Saturday, January 9, 2010

Shine: A Eulogy for Ryan Gregory

Ryan.

I met you on a particularly bright, particularly hot East Texas summer day. The kind of day that melds light and heat together to sear the lungs, squint the eyes, and blister the bare feet of running children. The kind of day that poses the question to the minds of East Texans young and old whether they live closer to heaven or hell.

It was 1981. You were an infant. I was six. I had the baby fever common to girls my age, that fierce urge to hold something and mother it and with it, the sad knowledge that the mommies of real babies don’t usually trust our kind to hold them.

But sometimes we asked anyway. Ryan, your mom said yes!

You were the first baby I ever held. I began with the rocking of you, careful, supervised.

You became a toddler, then, a windstorm of a child who could inflict more damage to himself and his surroundings than your holding girl ever could. You accumulated casts and stitches as some children collect rocks and caterpillars. It became a necessity, my holding you. I told myself and you this. You complied, and I held you till you grew big as me, and heavier.

My little boy: you. My first one. I credit all I know about mothering boys to you, my tiptoed one, my quiet one. From whom else would a girl among girls learn the secret languages of Transformers and Hobbits, Ninja Turtles and Masters of the Universe?

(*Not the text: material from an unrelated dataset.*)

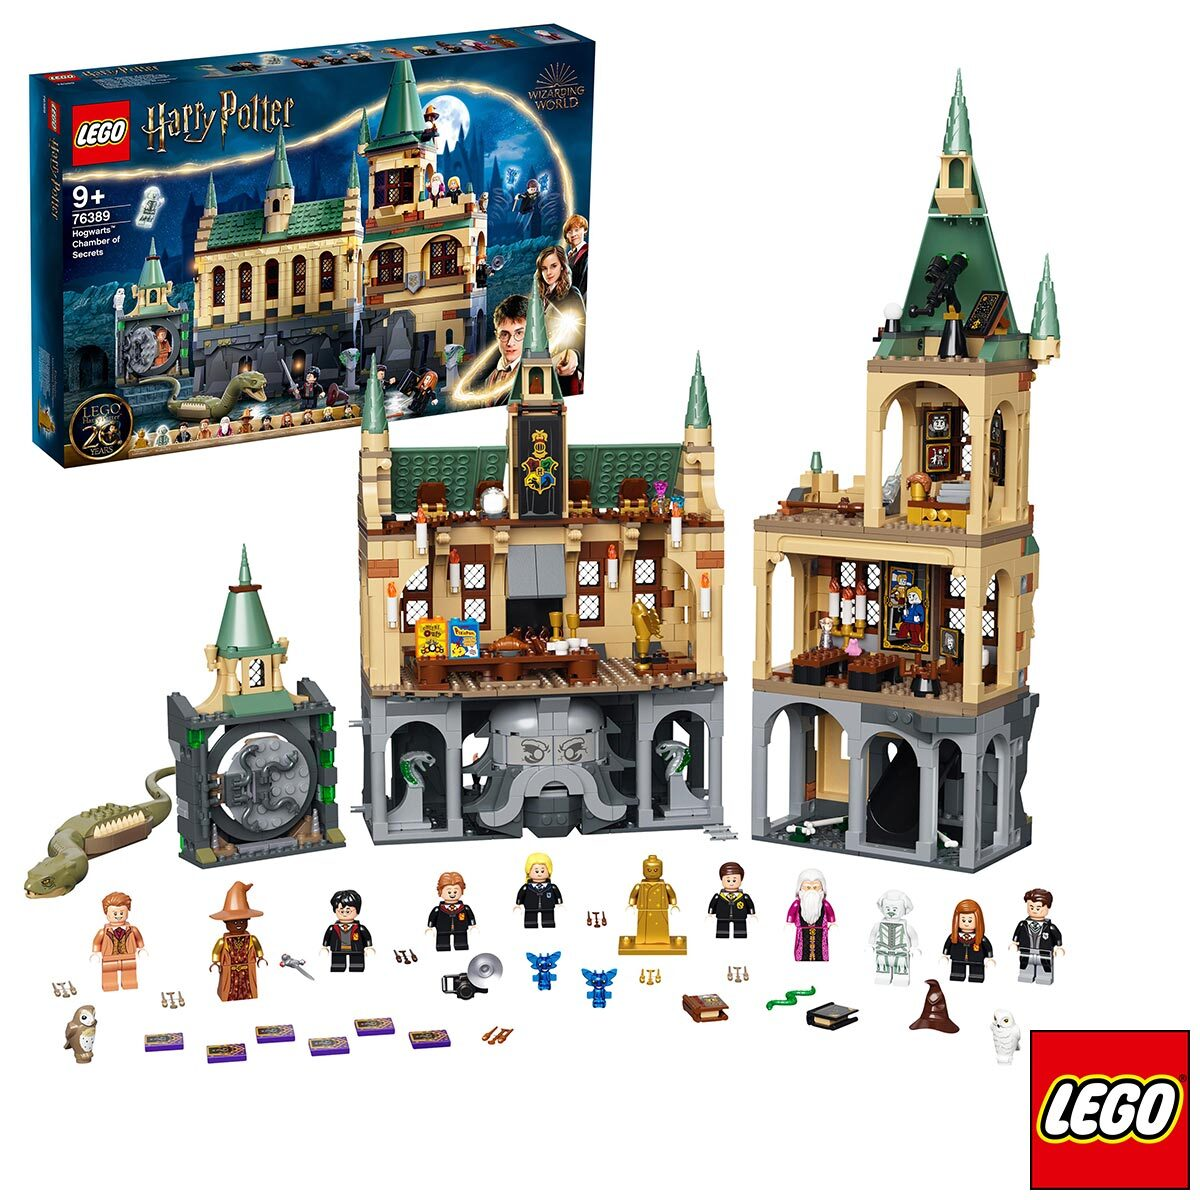 Harry Potter Lego Giveaway Giveaway Image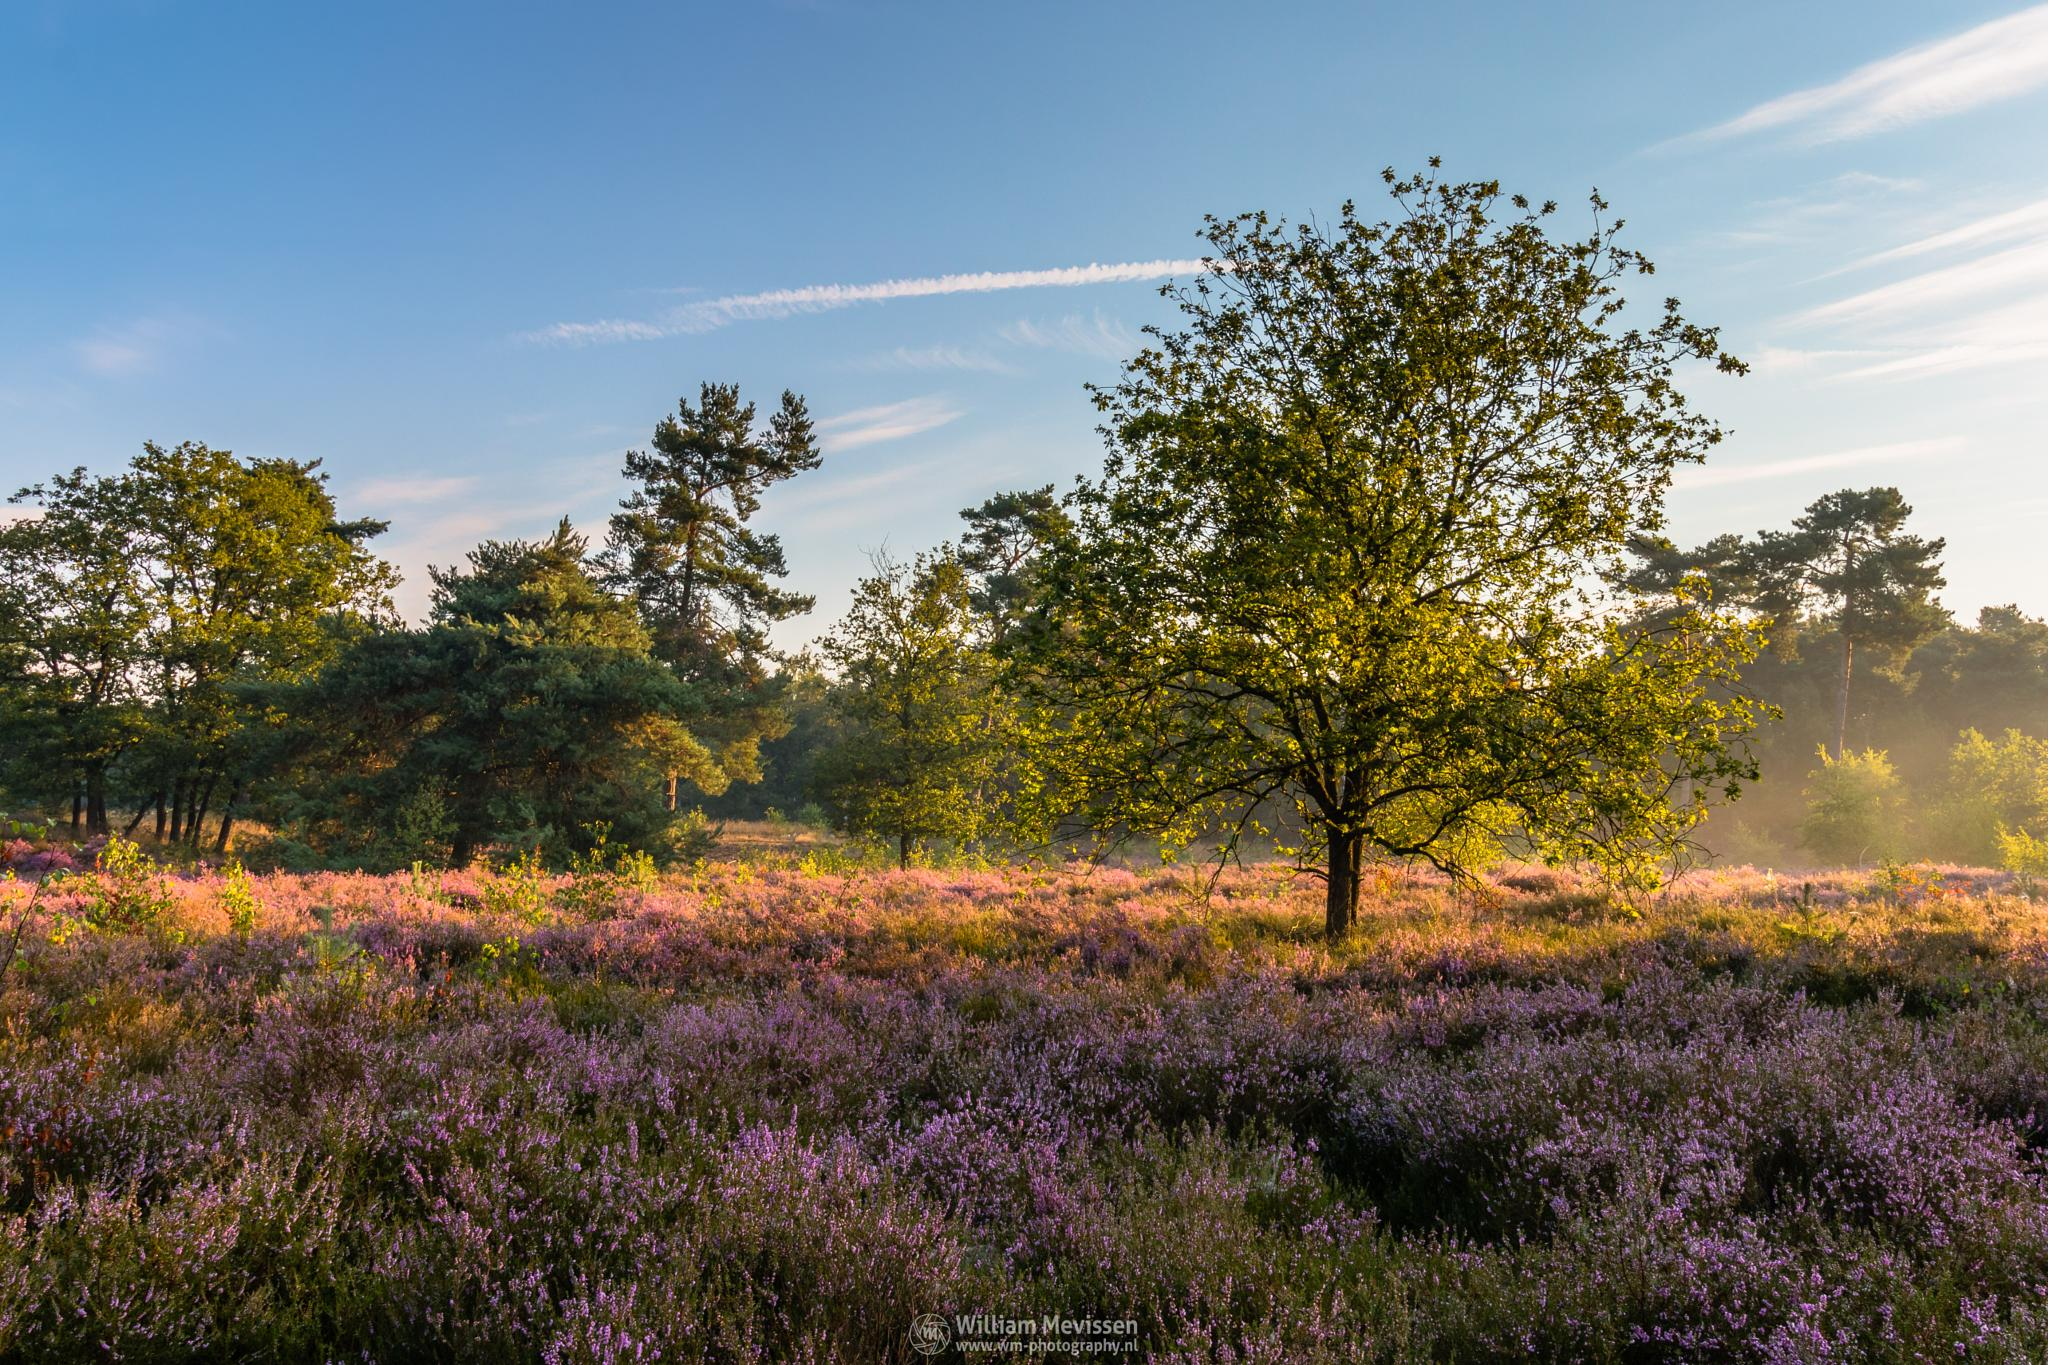 Sunrise Tree by William Mevissen

Astonishing, that you grew to be bigger than me. Astonishing, that we waded into the Texas gulf as laughing children and emerged as adults, shimmering and tall and sunburned, slick-stained with heartbreak and mortality. That we outlived the fishes and kittens and puppies of our childhoods, and all the rest of us: you.

You dreamed of clearer, bluer waters than our Gulf, more white sand than our sandbox could hold. Do you see them now? You dreamed of moving to New Zealand, making films in a land that God Himself wept for the beauty and the making of it. The land of Hobbitts and Magical Rings, Cowboys and Tattooed Aboriginals. The stuff of movies.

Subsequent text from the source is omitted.